=== EXERCISE DIRECTIONS ===
Your answer must be an exact transcription of the data, with every picture omitted.

=== INFORMATION SUPPLIED ===
== Segment start ==
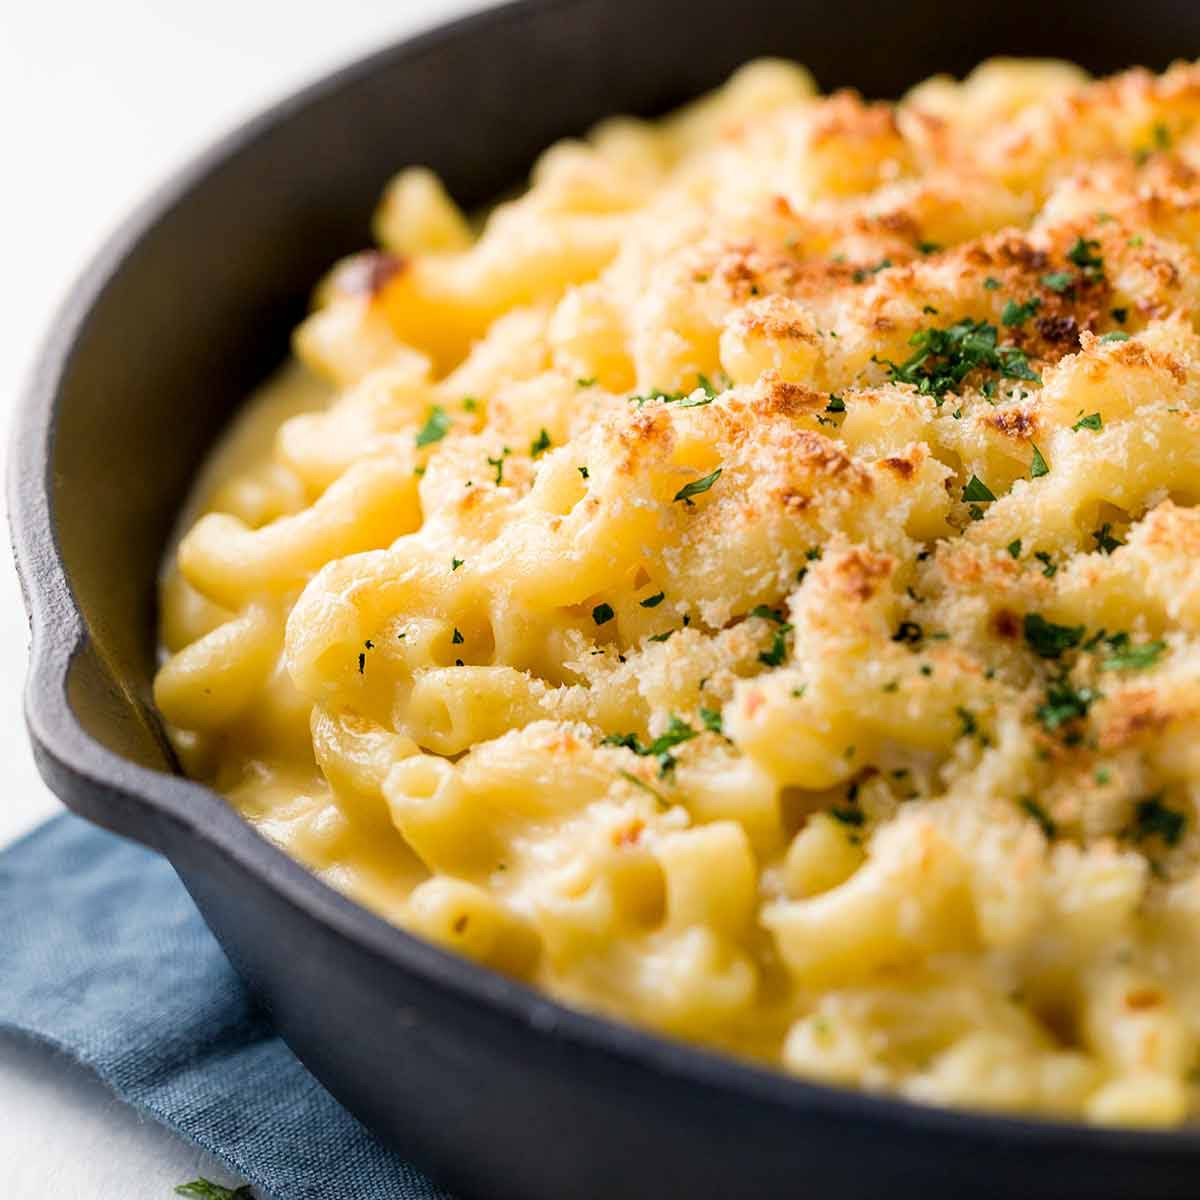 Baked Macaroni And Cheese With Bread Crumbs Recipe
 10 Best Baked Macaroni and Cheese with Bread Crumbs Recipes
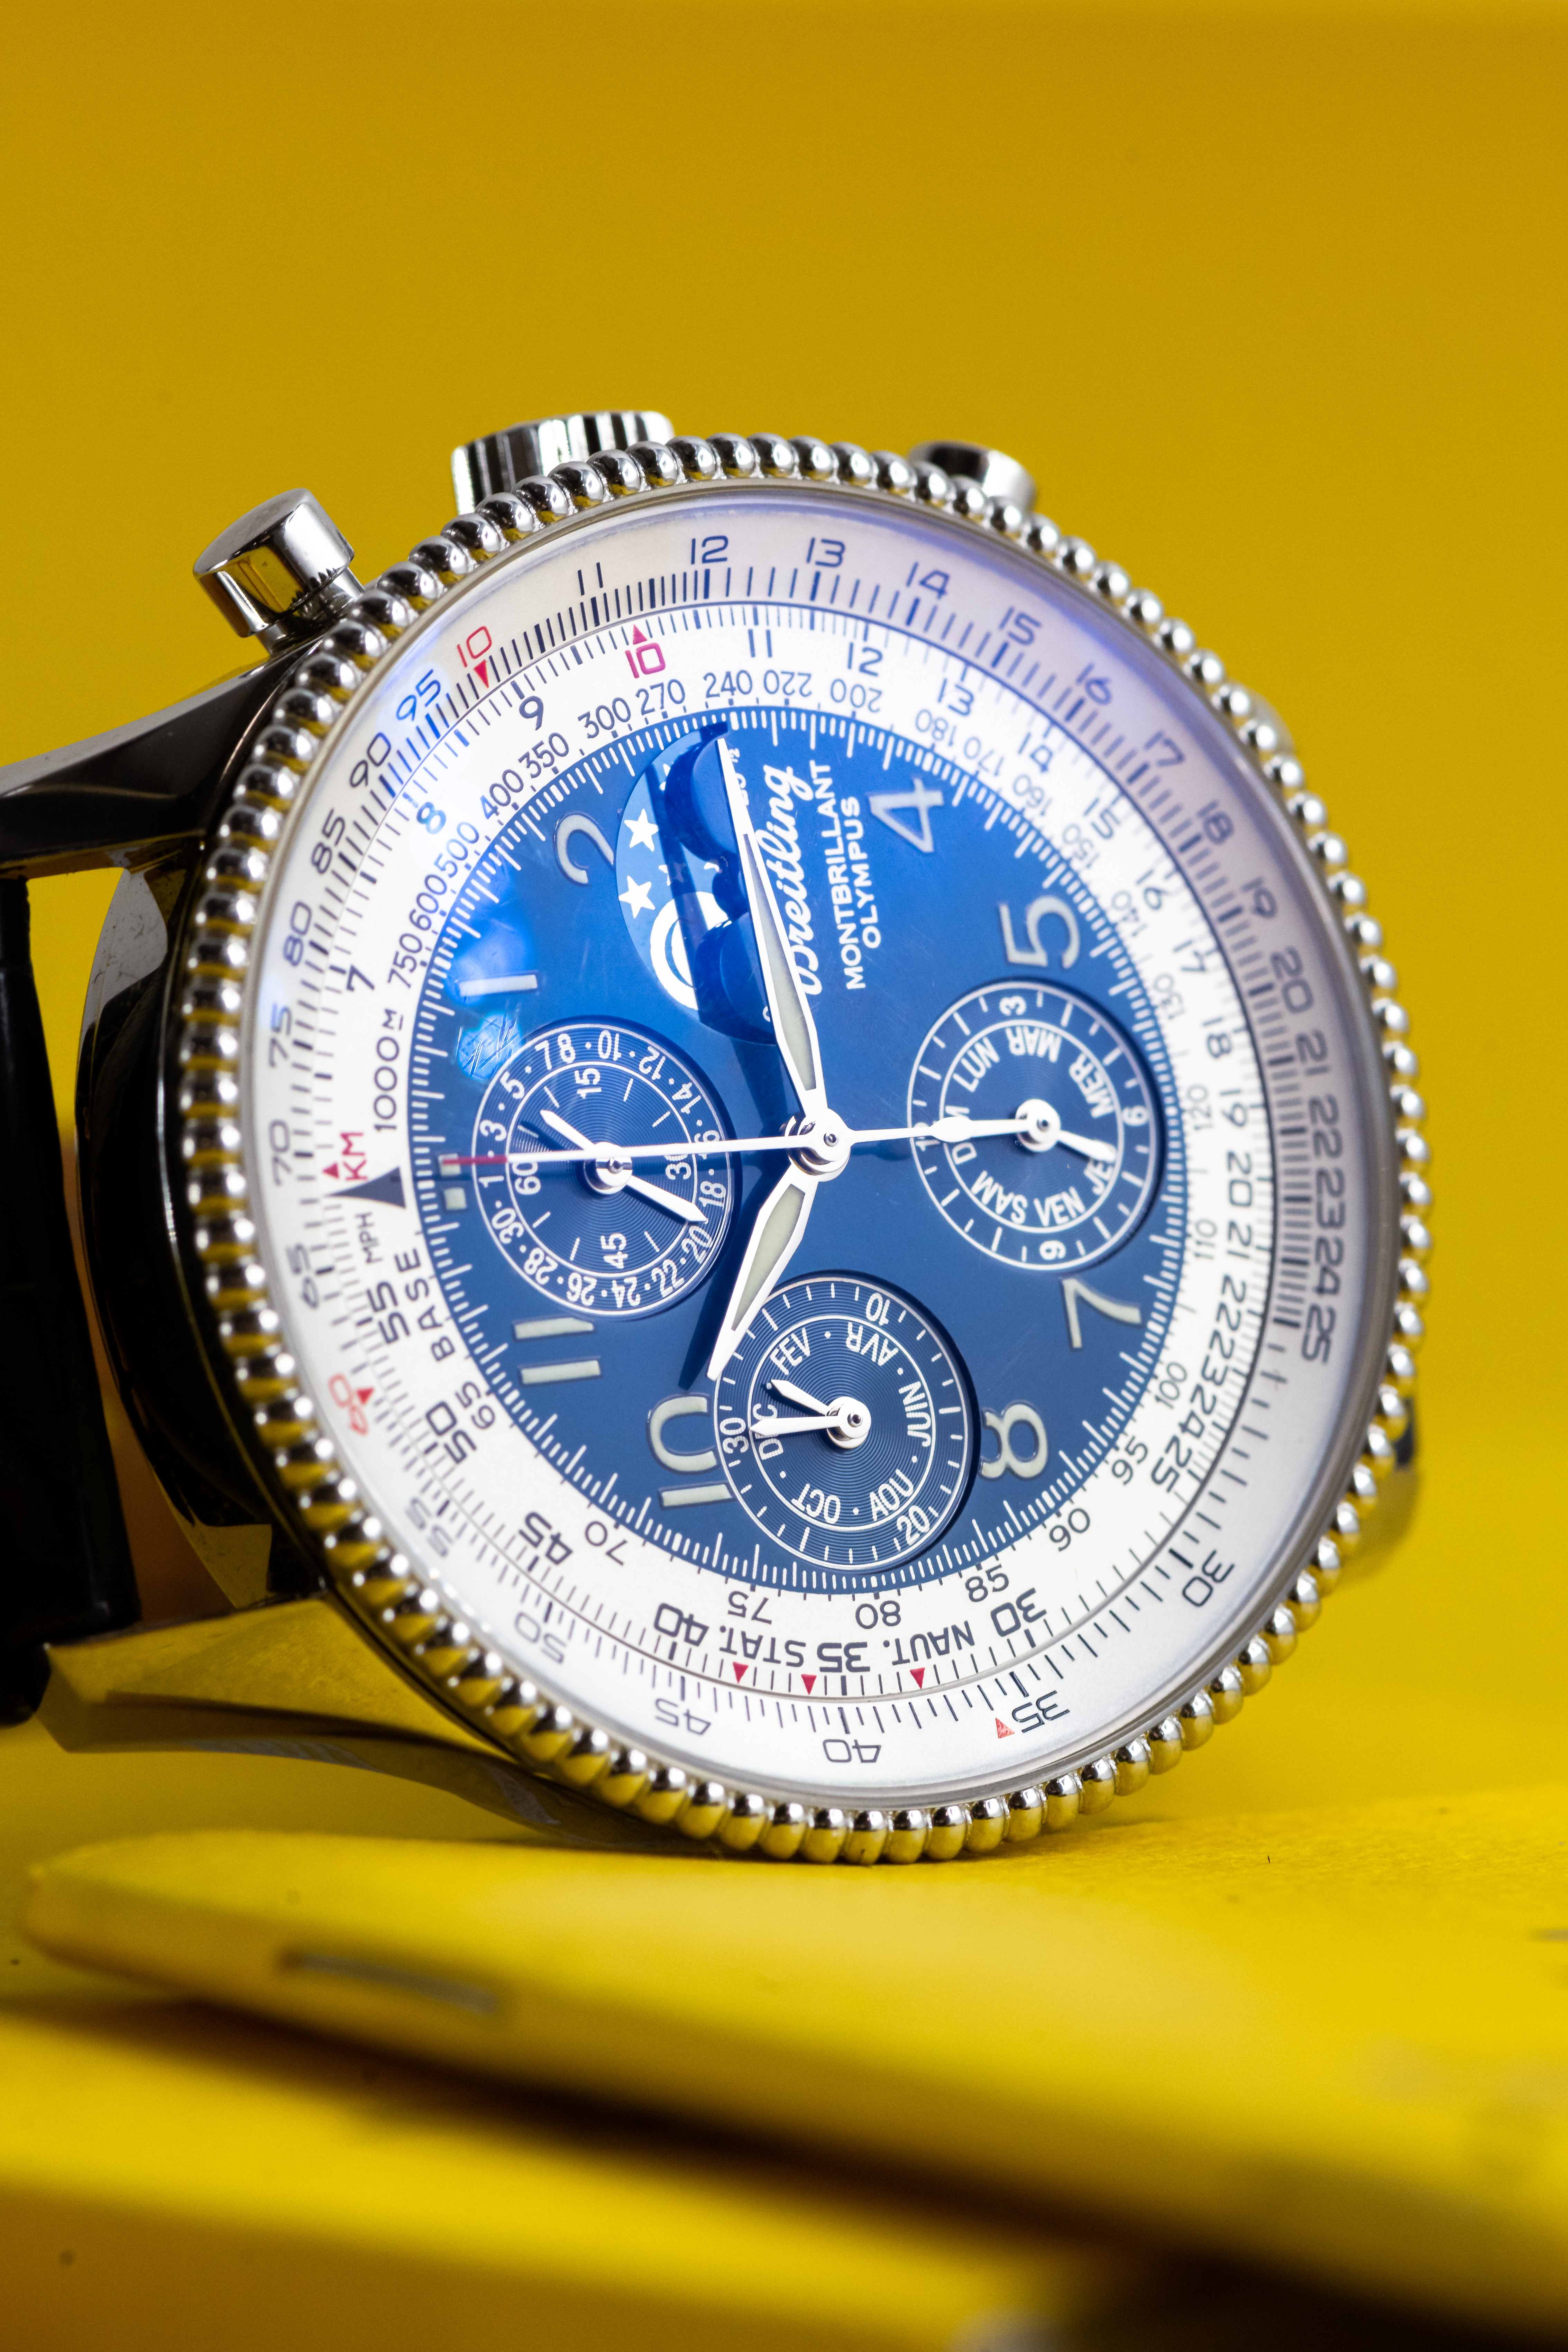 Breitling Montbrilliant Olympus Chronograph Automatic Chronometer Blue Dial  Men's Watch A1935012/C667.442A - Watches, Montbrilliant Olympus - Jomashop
== Segment end ==
=== PROBLEM SOLUTION ===
 Baked Macaroni And Cheese With Bread Crumbs Recipe
 10 Best Baked Macaroni and Cheese with Bread Crumbs Recipes
 Breitling Montbrilliant Olympus Chronograph Automatic Chronometer Blue Dial  Men's Watch A1935012/C667.442A - Watches, Montbrilliant Olympus - Jomashop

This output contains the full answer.